1. The problem statement, all variables and given/known data
a) Show that for a given velocity $V_0$ a projectile can reach the same range $R$ from two different angles $\theta = 45 + \delta$ and $\theta = 45 - \delta$, as long as $R$ doesn't go over the maximum range $R_{max} = \frac{V_0^2}{g}$. Calculate $\delta$ in function of $V_0$ and $R$.

b) Generalize your previous result, showing that a projectile launched from the ground with an initial velocity $V_0$ can reach a point $(x, y)$ from two different angles, as long as the point $(x, y)$ is within the parabola of safety:$$y = \displaystyle{\frac{1}{2}\left(\frac{V_0^2}{g} - \frac{x^2}{\frac{V_0^2}{g}}\right)}$$
2. Relevant equations
Will edit if there is need of any.

3. The attempt at a solution
So far this was my progress:

First in regards to a), I went ahead to show that complementar angles resulted in the same range:$$\frac{V_0^2sin(2 \theta)}{g} = \frac{V_0^2sin(2 \times 90- \theta)}{g} = \frac{V_0^2sin(180 - \theta)}{g}\Longleftrightarrow sin \theta = sin(180 - \theta)$$From that, I continued:$$R = \frac{V_0^2sen(90-2 \delta)}{g} \Rightarrow Rg = V_0^2cos(2 \delta) \Rightarrow cos(2 \delta) = \frac{Rg}{V_0^2} \Rightarrow \delta = \frac{1}{2}cos^{-1}\left(\frac{Rg}{V_0^2}\right)$$My initial question is wether the first part of my demonstration was satisfactory, because for some reason I don't really think it was, considering I didn't include the $\theta = 45 \pm \delta$ on it...

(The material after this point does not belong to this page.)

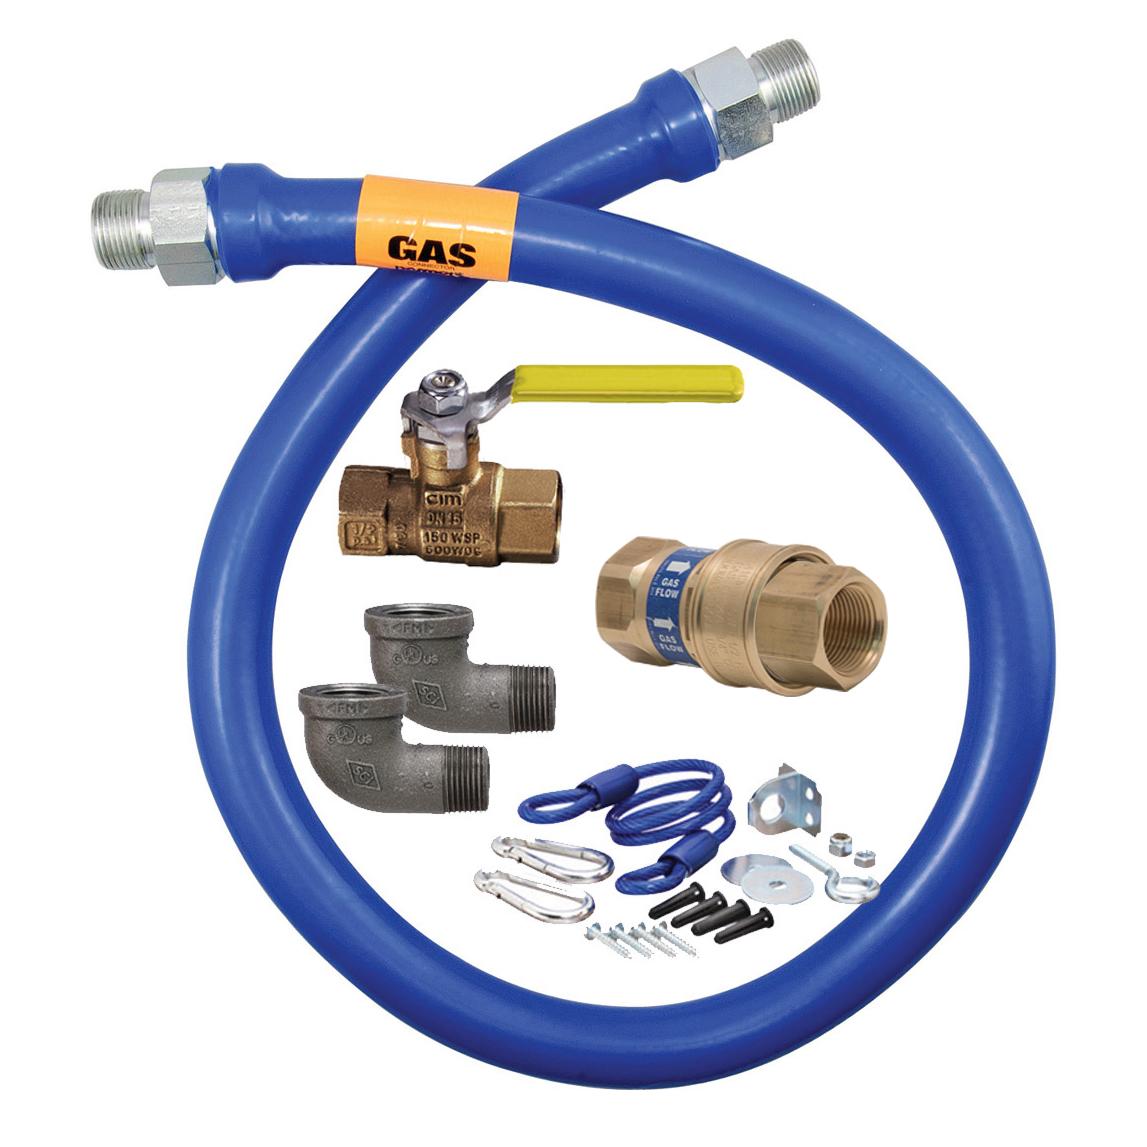 Dormont Manufacturing 1675KITB2S48 gas connector hose kit

And now for the b) part, I tried to consider the position equations:$$x(t)=(V_0cos \theta)t \\ y(t)=(V_0sin \theta)t - \frac{gt^2}{2}$$By eliminating t, we have:$$y = xtan \theta - \frac{g}{2} \frac{x^2}{V_0^2 cos^2 \theta}$$And now I don't know how can I continue the demonstration... x___x

I'd really appreciate some feedback on both of these problems!

2. Apr 19, 2017

### BvU

you may have lost something on the way. We can't tell if you don't post your steps so please guide us...
It's not totally incorrect but somewhat trivial. It's not what the exercise composer meant .

3. Apr 19, 2017

### Bunny-chan

Uhm. I'm confused now. What did I lose? D:
Doesn't that notation imply they are complementar?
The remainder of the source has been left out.